## Your instructions:
Would you print the lines below exactly, beginning at the line that has "la figure 8" and stopping after the line that has "Kohët e fundit, Konferenca"? Only those lines, and no pictures.

## Extracted material:
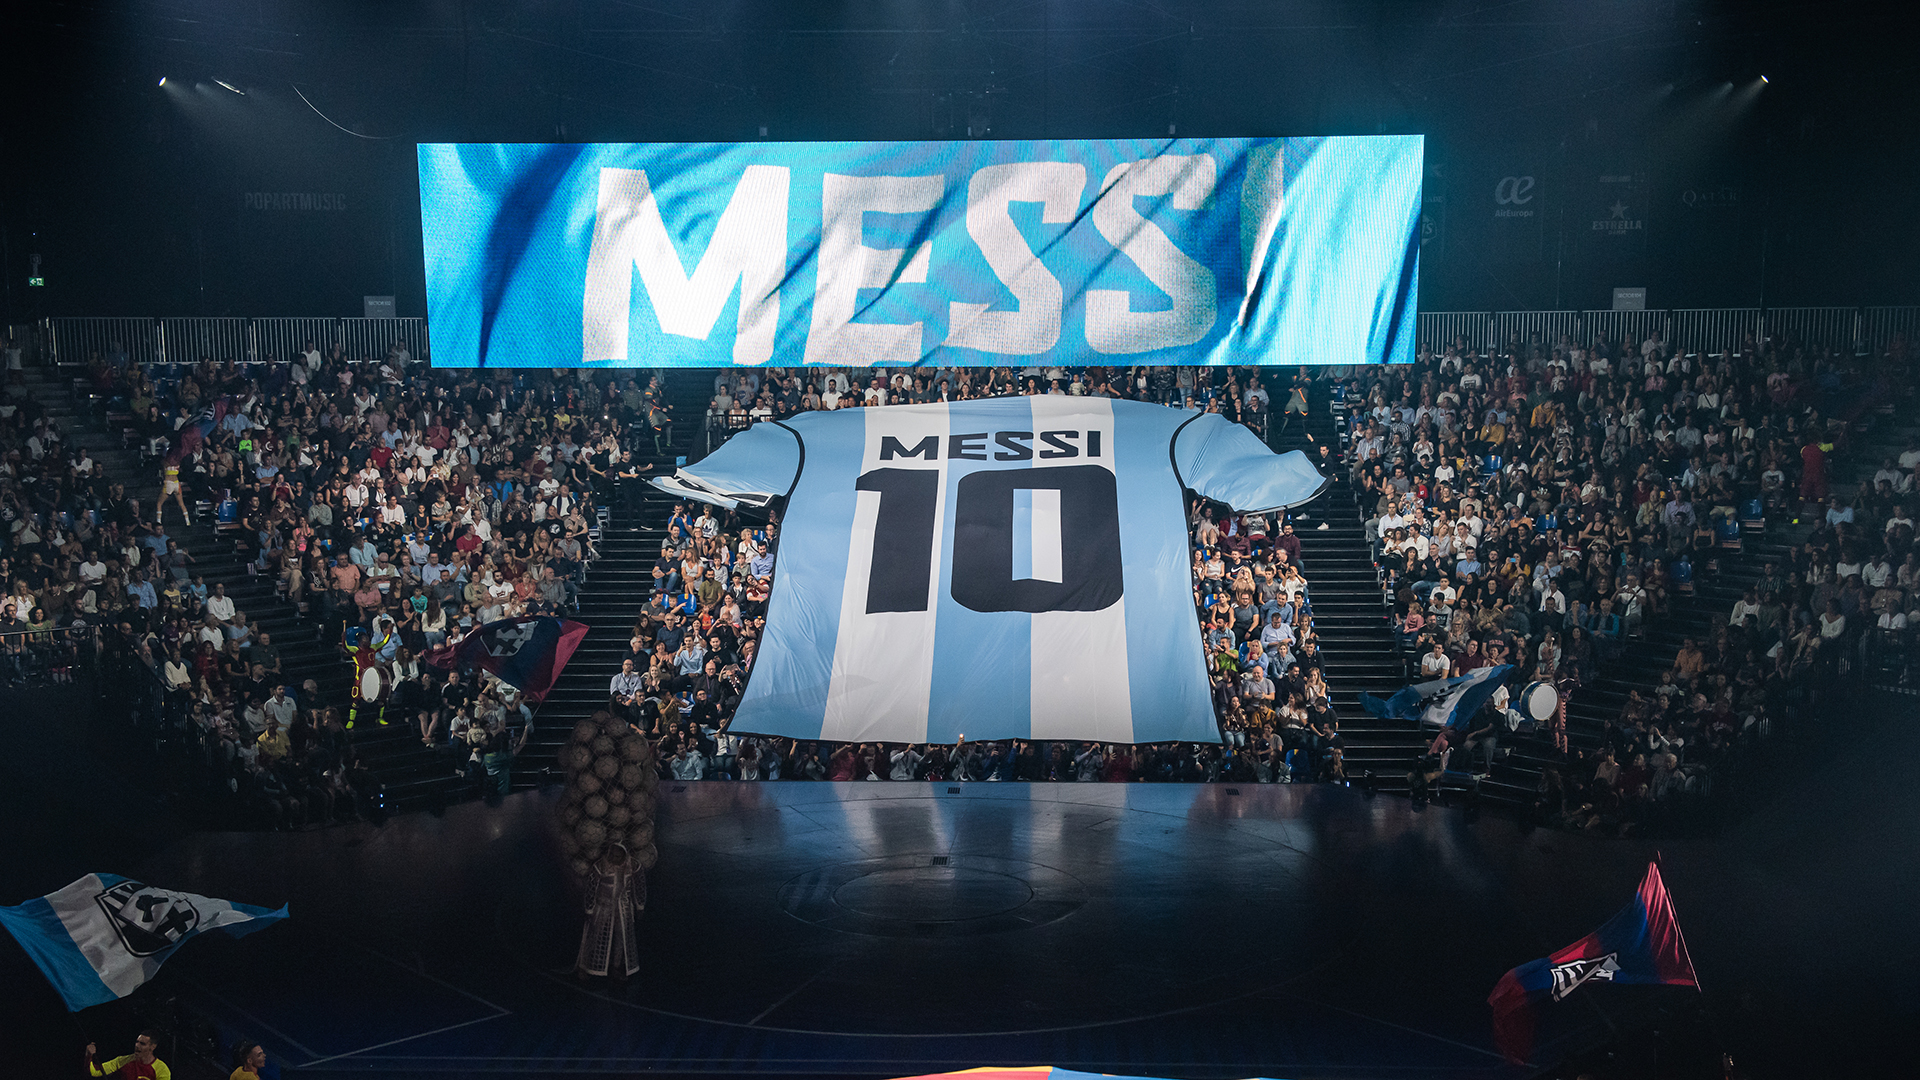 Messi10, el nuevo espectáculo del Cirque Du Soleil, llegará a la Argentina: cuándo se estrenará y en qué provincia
==
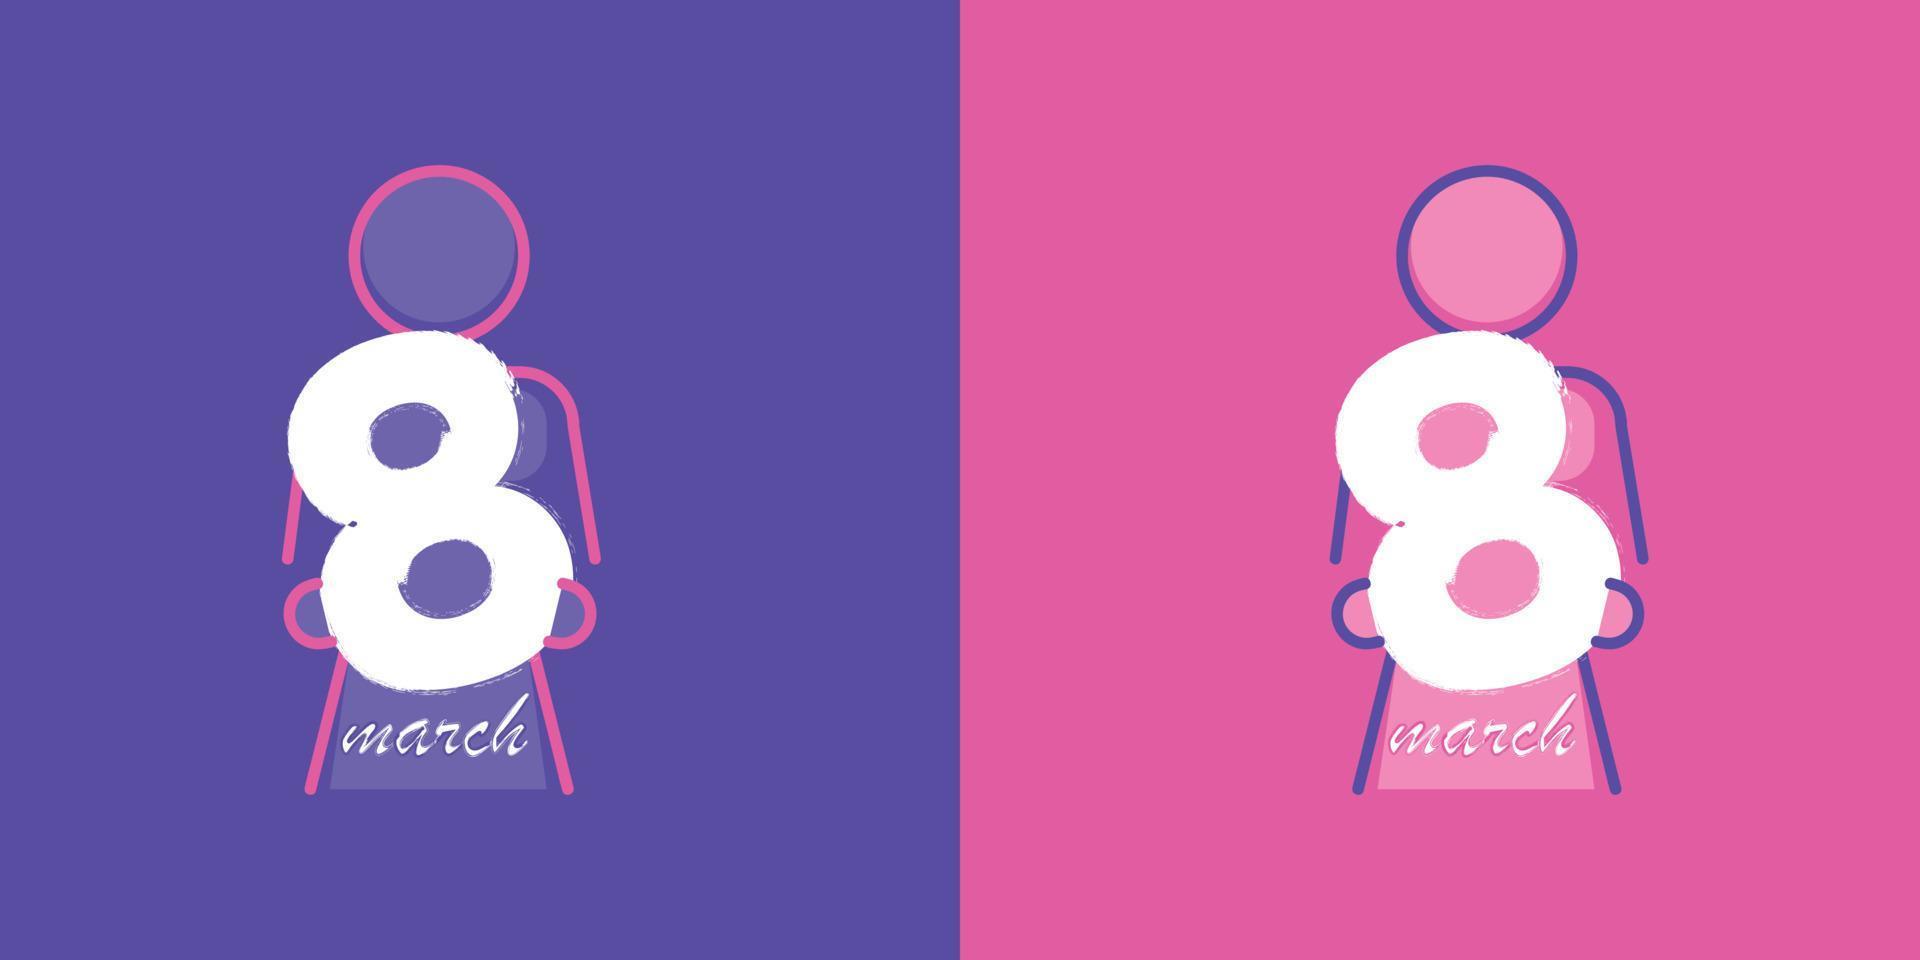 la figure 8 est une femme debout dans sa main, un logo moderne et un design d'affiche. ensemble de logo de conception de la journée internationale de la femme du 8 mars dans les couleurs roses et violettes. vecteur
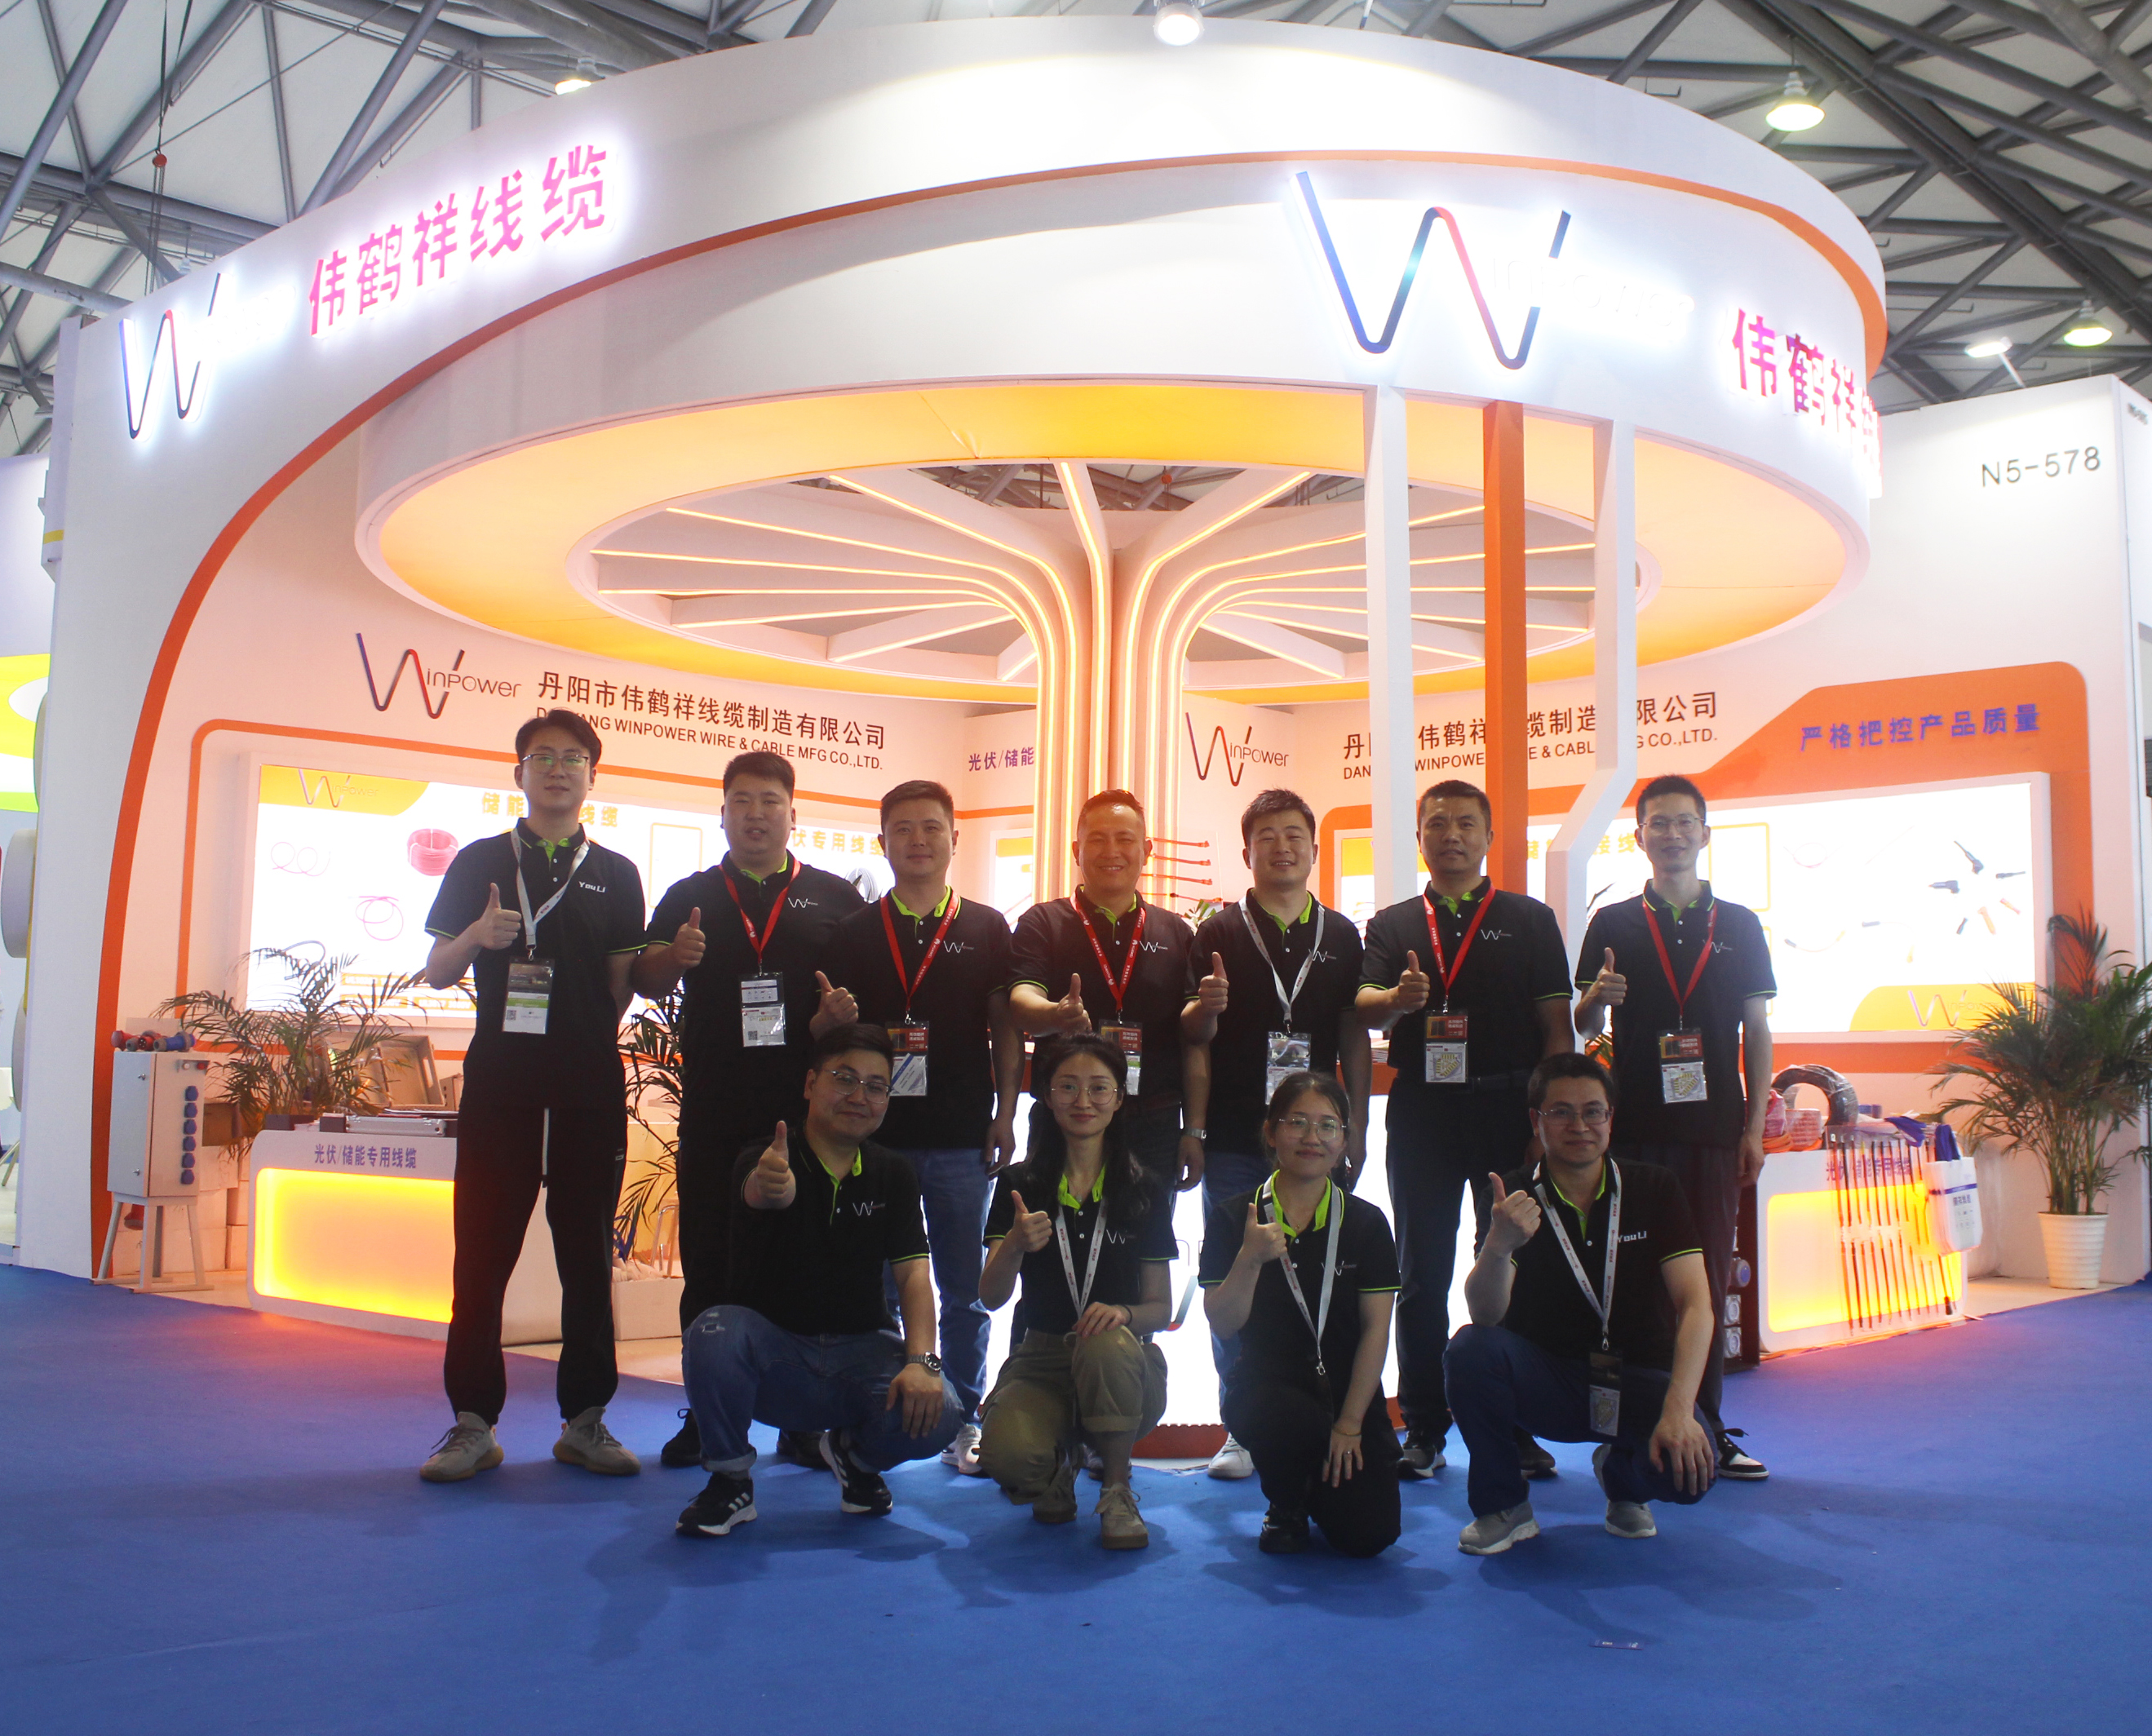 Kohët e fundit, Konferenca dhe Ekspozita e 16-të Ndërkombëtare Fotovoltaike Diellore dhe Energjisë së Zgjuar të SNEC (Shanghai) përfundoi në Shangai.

## Response to this task:
 la figure 8 est une femme debout dans sa main, un logo moderne et un design d'affiche. ensemble de logo de conception de la journée internationale de la femme du 8 mars dans les couleurs roses et violettes. vecteur
 Kohët e fundit, Konferenca dhe Ekspozita e 16-të Ndërkombëtare Fotovoltaike Diellore dhe Energjisë së Zgjuar të SNEC (Shanghai) përfundoi në Shangai.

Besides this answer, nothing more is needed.